● Input data:
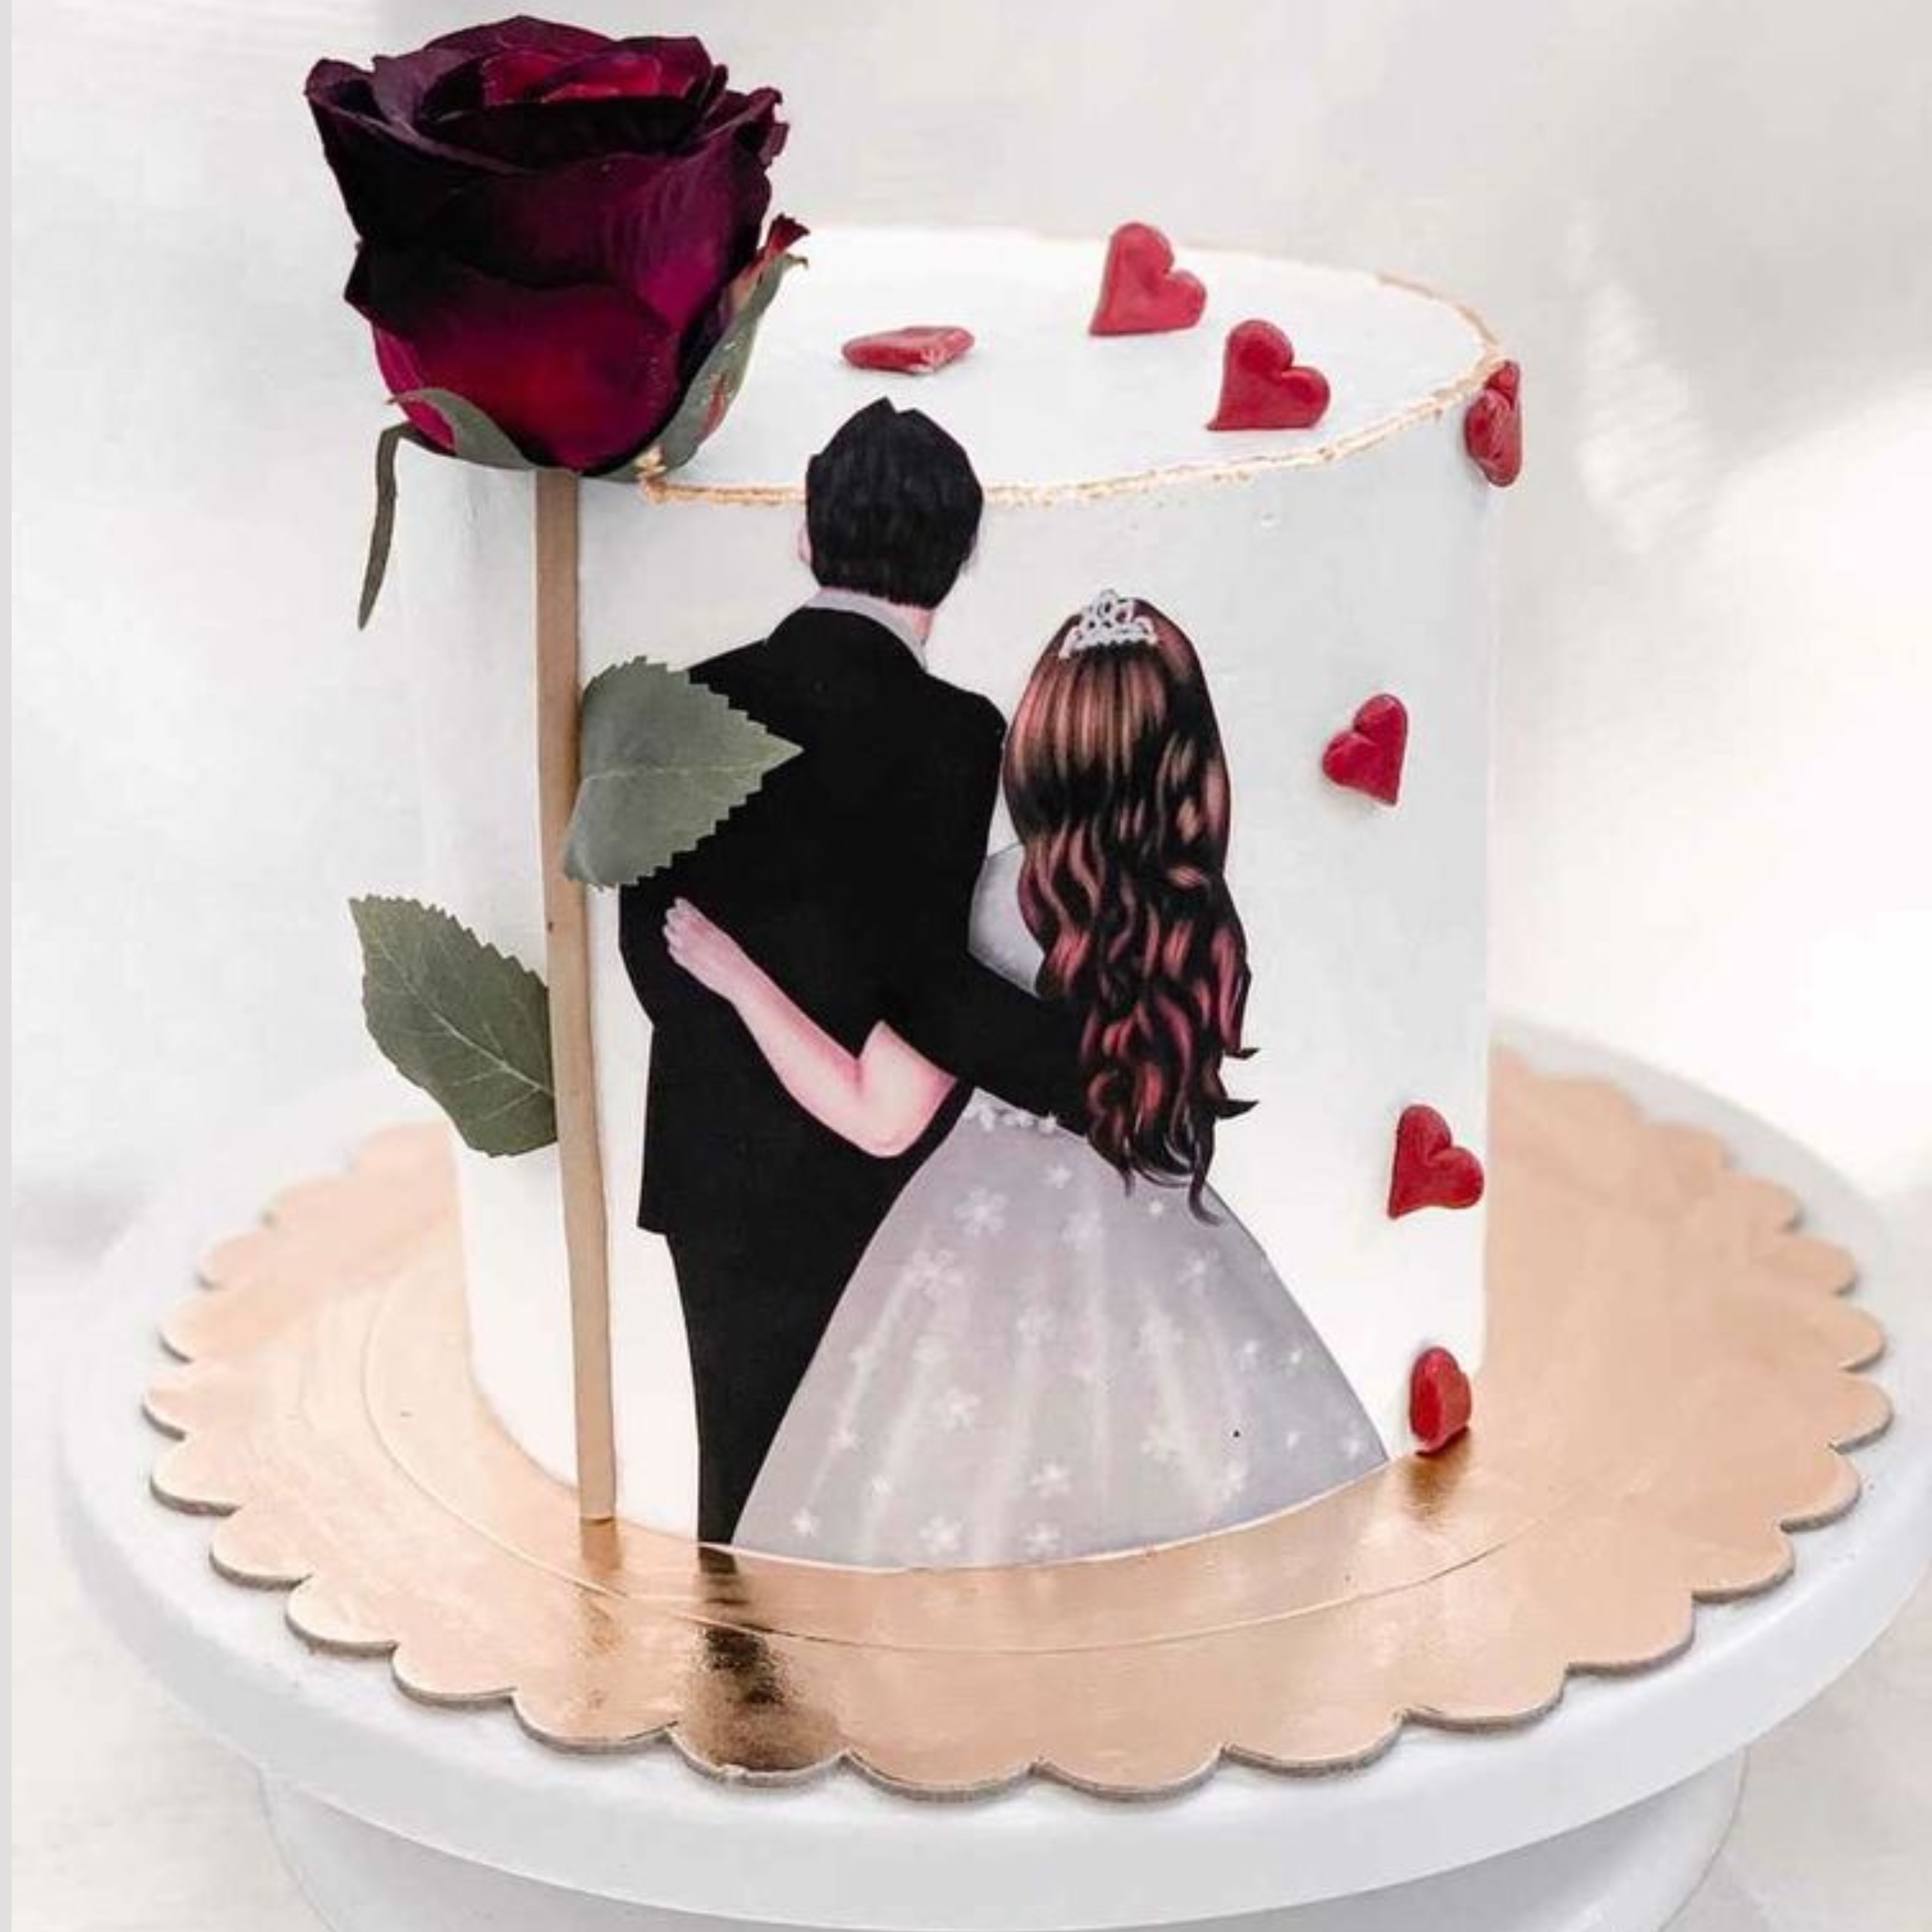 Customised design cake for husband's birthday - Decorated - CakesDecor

---

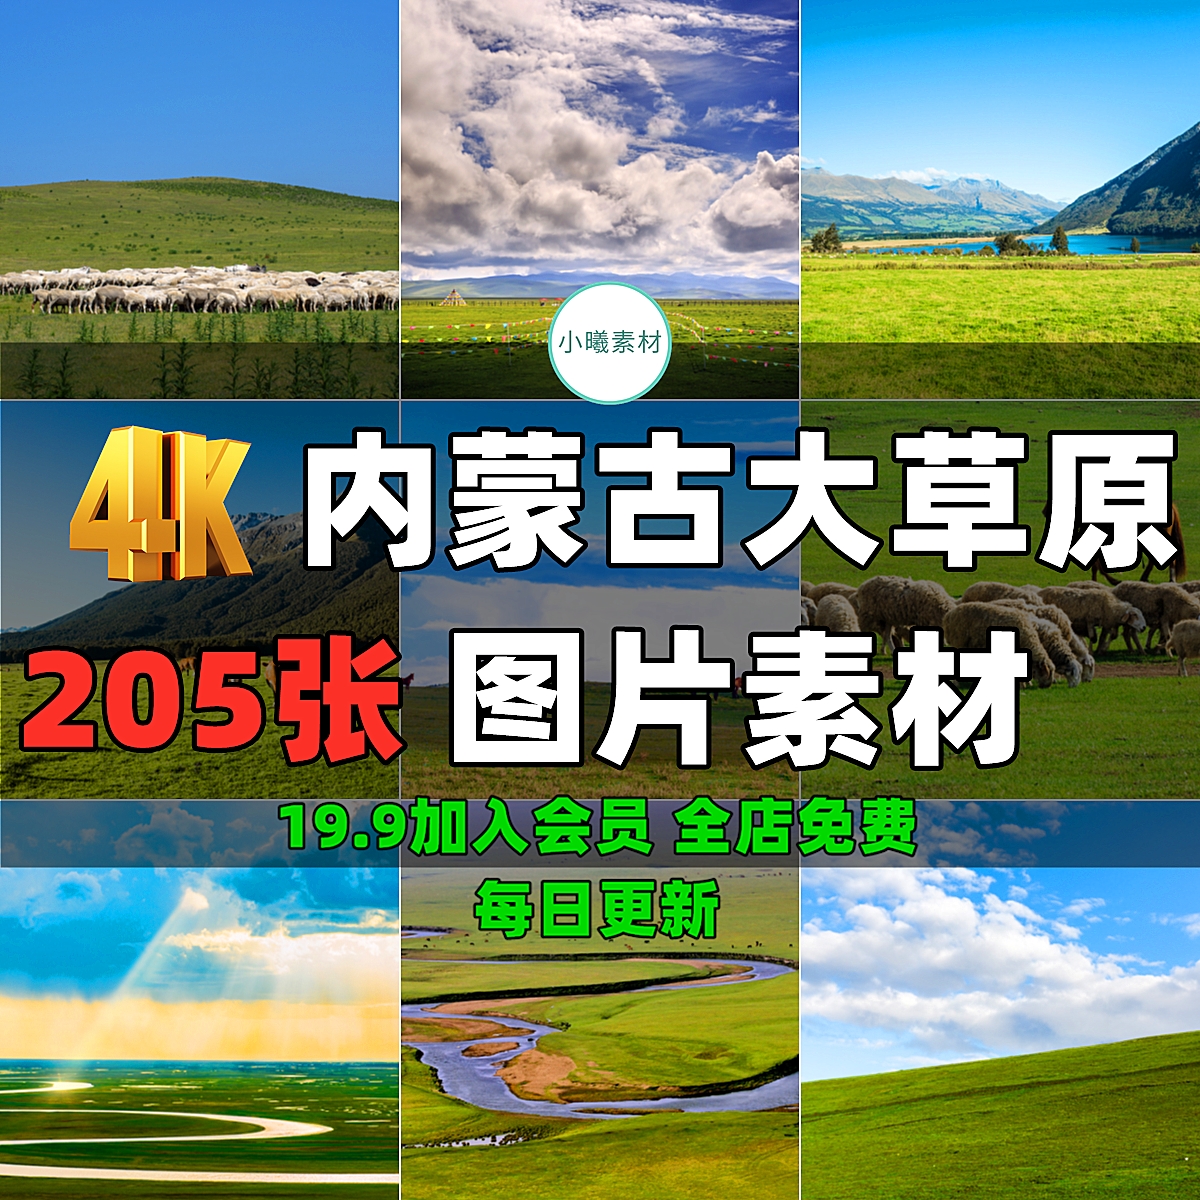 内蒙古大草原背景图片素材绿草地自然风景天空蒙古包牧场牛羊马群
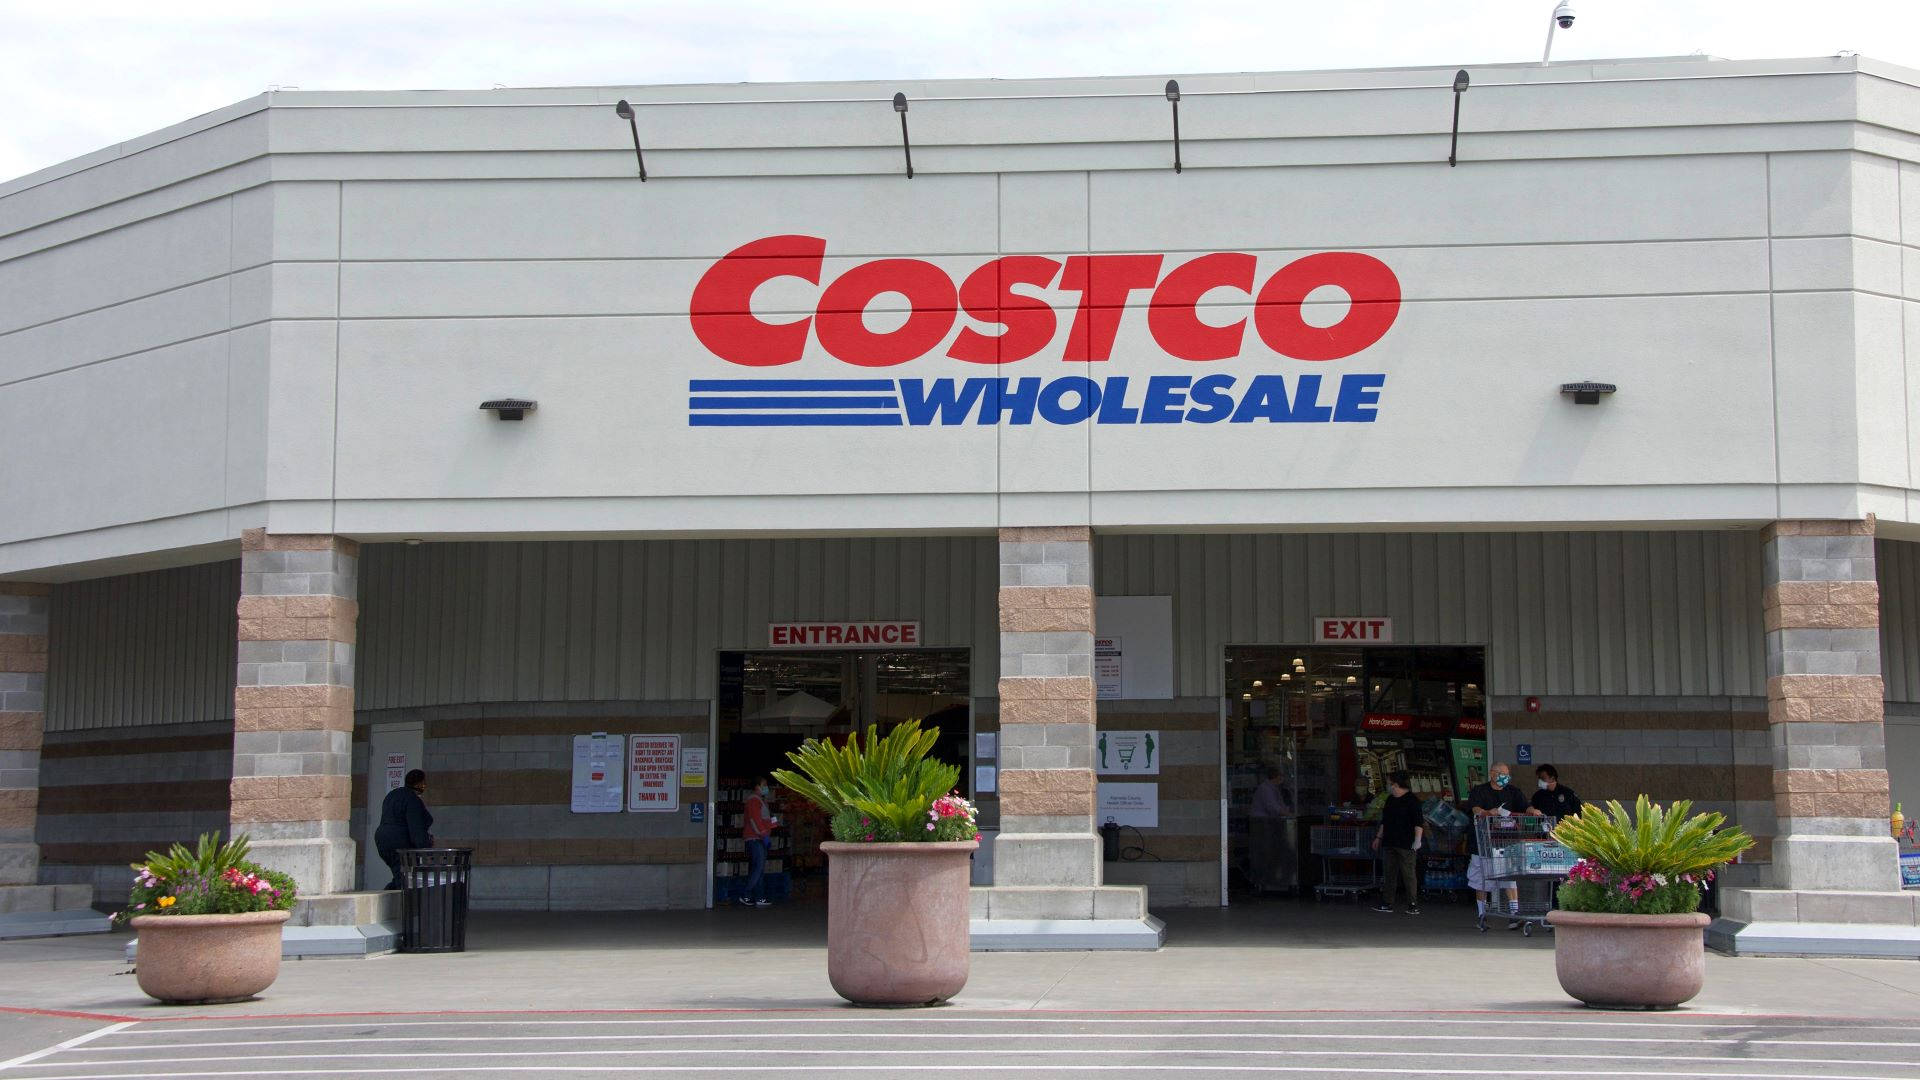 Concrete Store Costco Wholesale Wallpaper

---

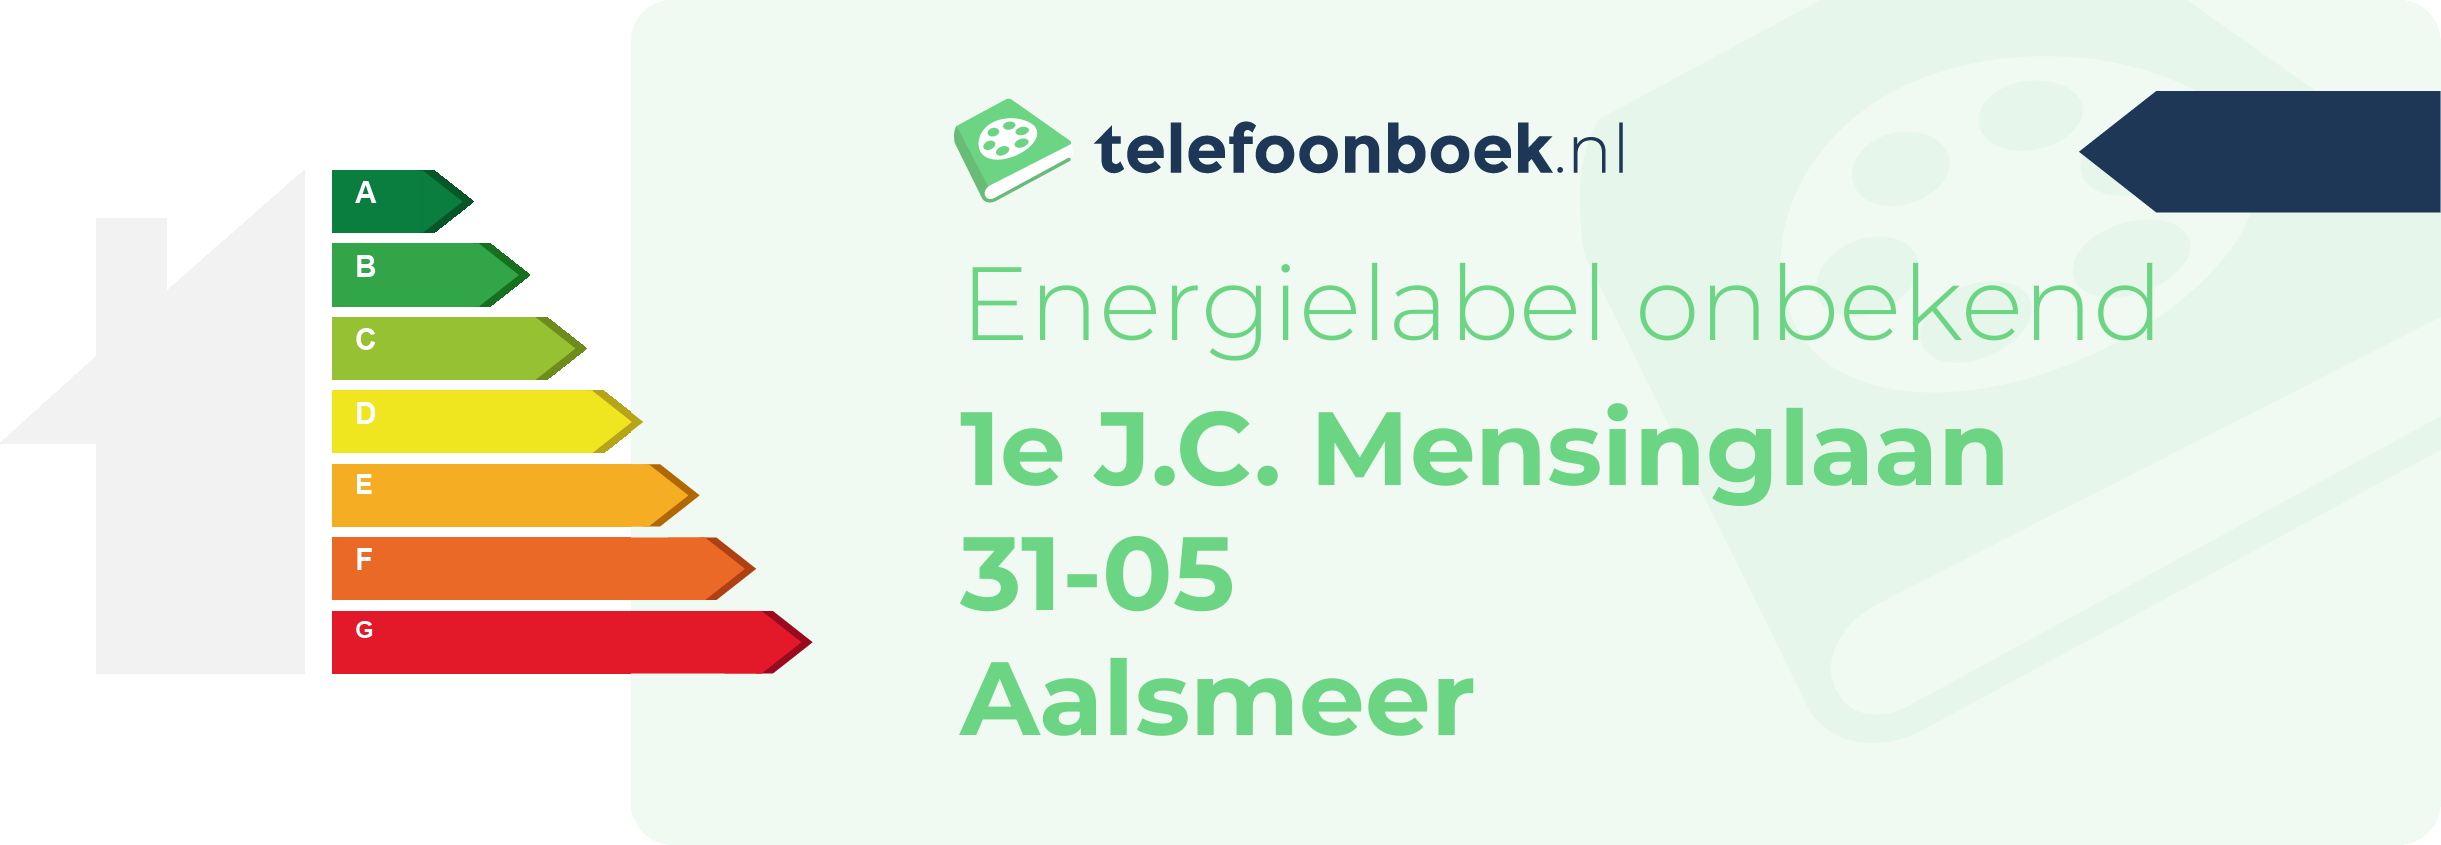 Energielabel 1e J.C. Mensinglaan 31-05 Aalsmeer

● What you are asked to do: In the listing above, find the line containing "内蒙古大草原背景图片素材绿草地自然风景天空蒙古包牧场牛羊马群" and the line containing "Concrete Store Costco Wholesale Wallpaper", then output those two lines and everything between them exactly as written, without the images.

● Finished exercise:
 内蒙古大草原背景图片素材绿草地自然风景天空蒙古包牧场牛羊马群
 Concrete Store Costco Wholesale Wallpaper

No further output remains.